# Provided records:
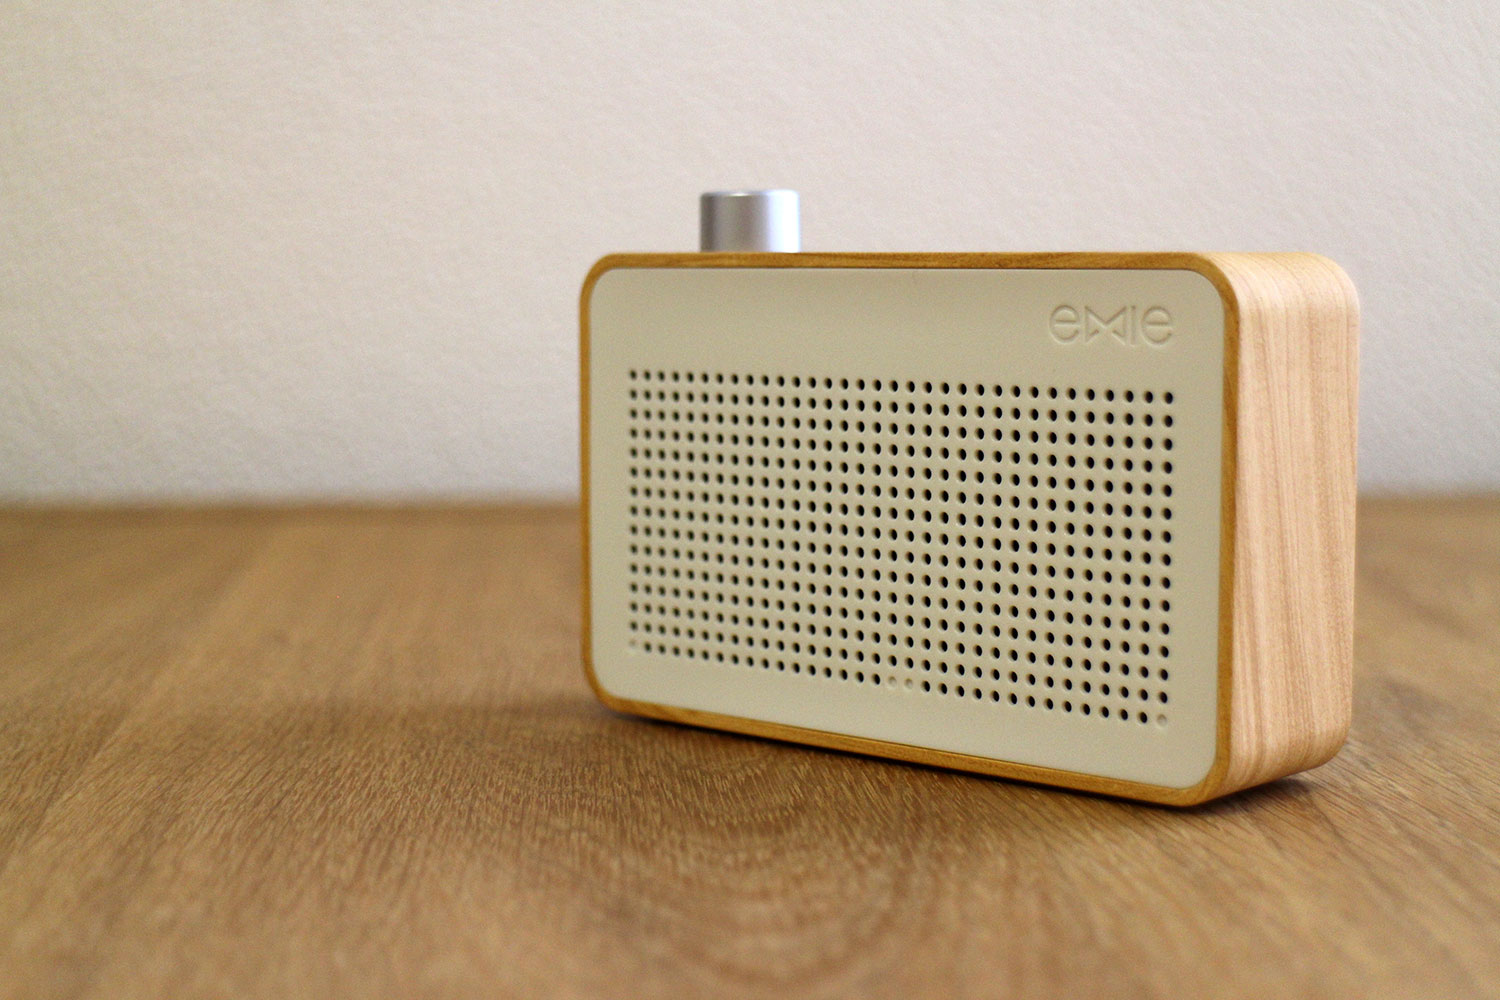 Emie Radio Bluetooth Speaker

* * *

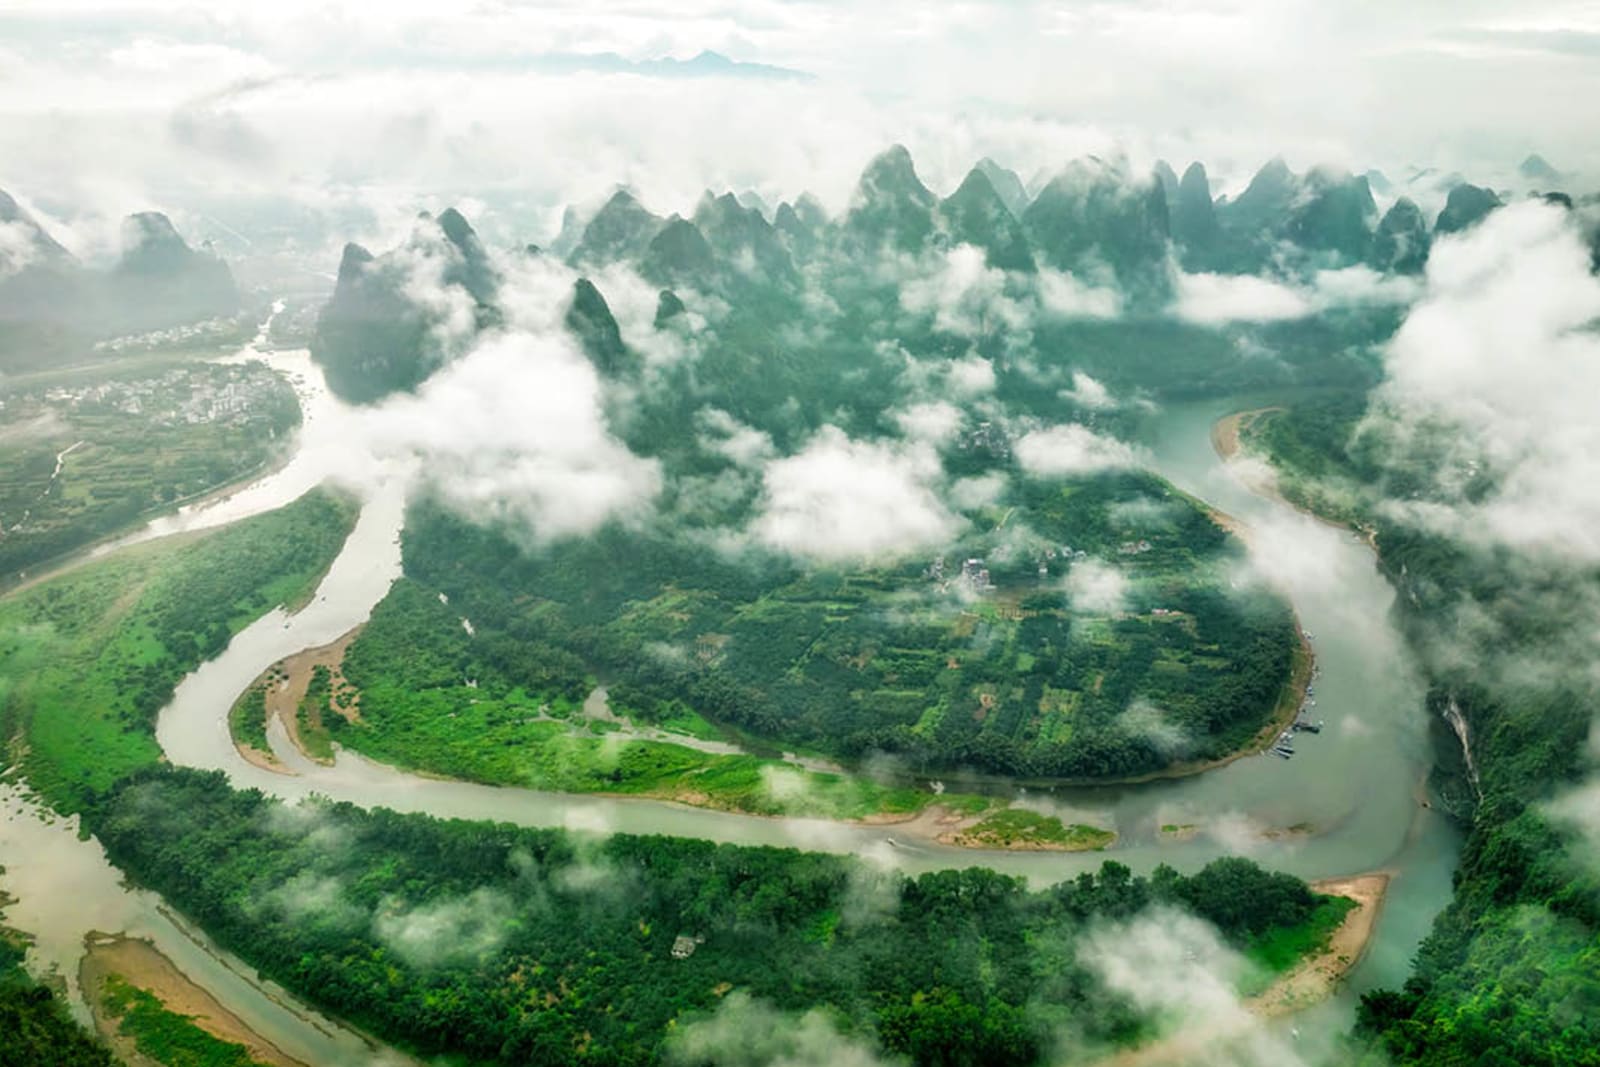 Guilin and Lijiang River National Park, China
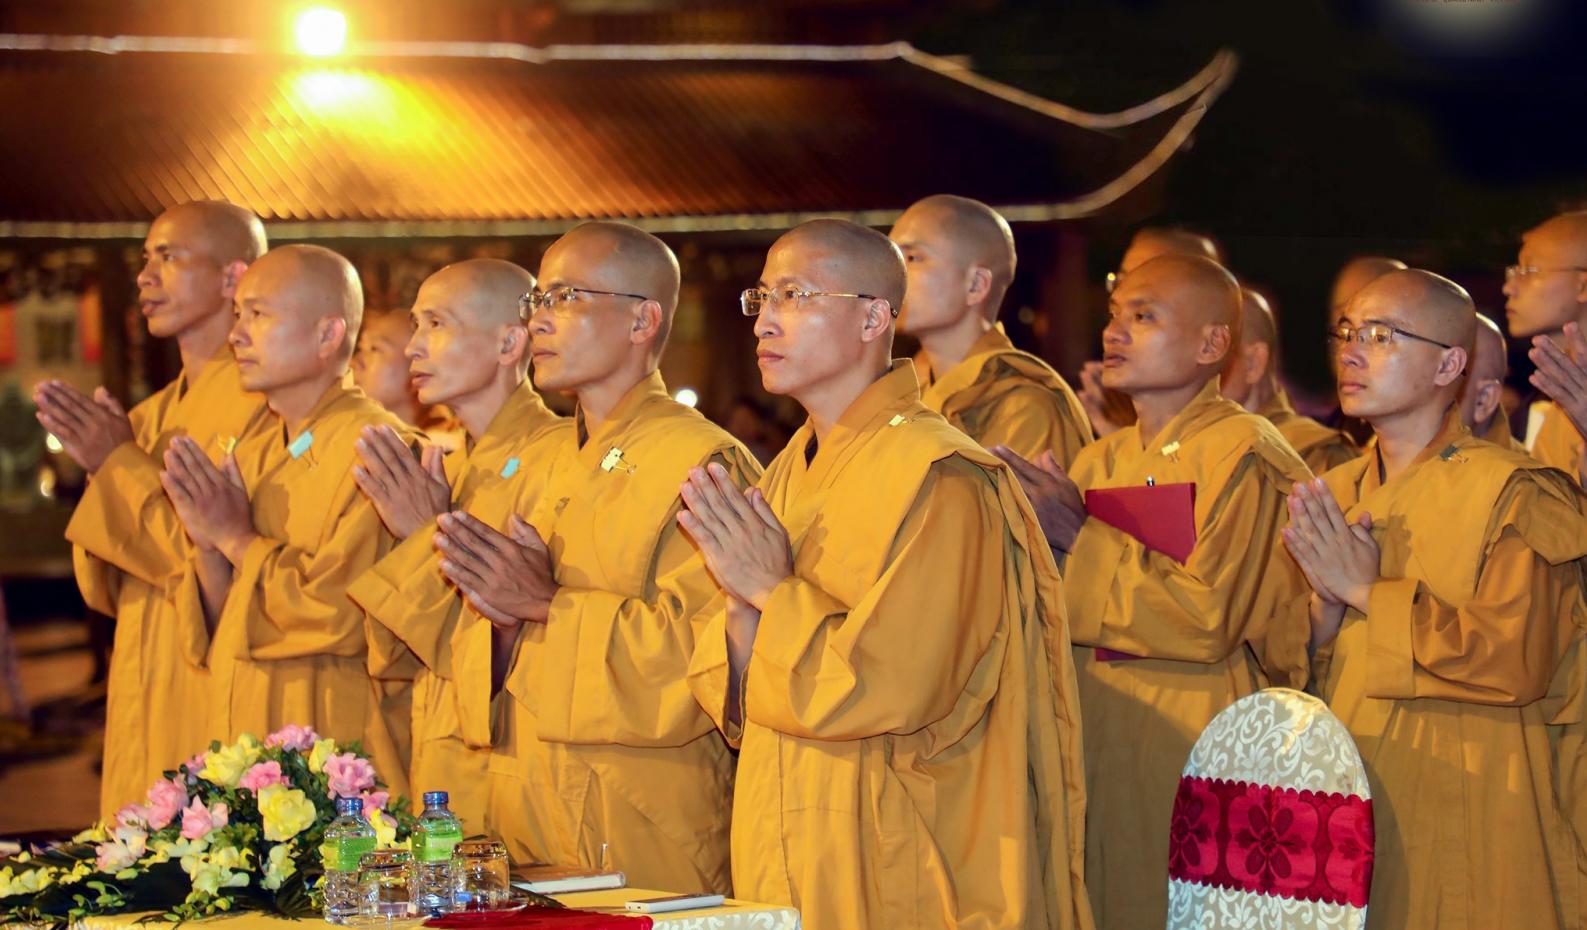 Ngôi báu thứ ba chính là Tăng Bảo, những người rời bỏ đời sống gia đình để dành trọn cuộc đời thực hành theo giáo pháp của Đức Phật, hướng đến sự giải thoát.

* * *

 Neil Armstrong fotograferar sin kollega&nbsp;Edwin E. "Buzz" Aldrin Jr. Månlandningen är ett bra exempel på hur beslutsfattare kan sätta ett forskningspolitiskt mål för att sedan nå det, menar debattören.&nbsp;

# Task item:
In the material above, which lines fall between the one holding "Guilin and Lijiang" and the one holding "Ngôi báu thứ", inclusive? Print exactly those, with the pictures left out.

# Task response:
 Guilin and Lijiang River National Park, China
 Ngôi báu thứ ba chính là Tăng Bảo, những người rời bỏ đời sống gia đình để dành trọn cuộc đời thực hành theo giáo pháp của Đức Phật, hướng đến sự giải thoát.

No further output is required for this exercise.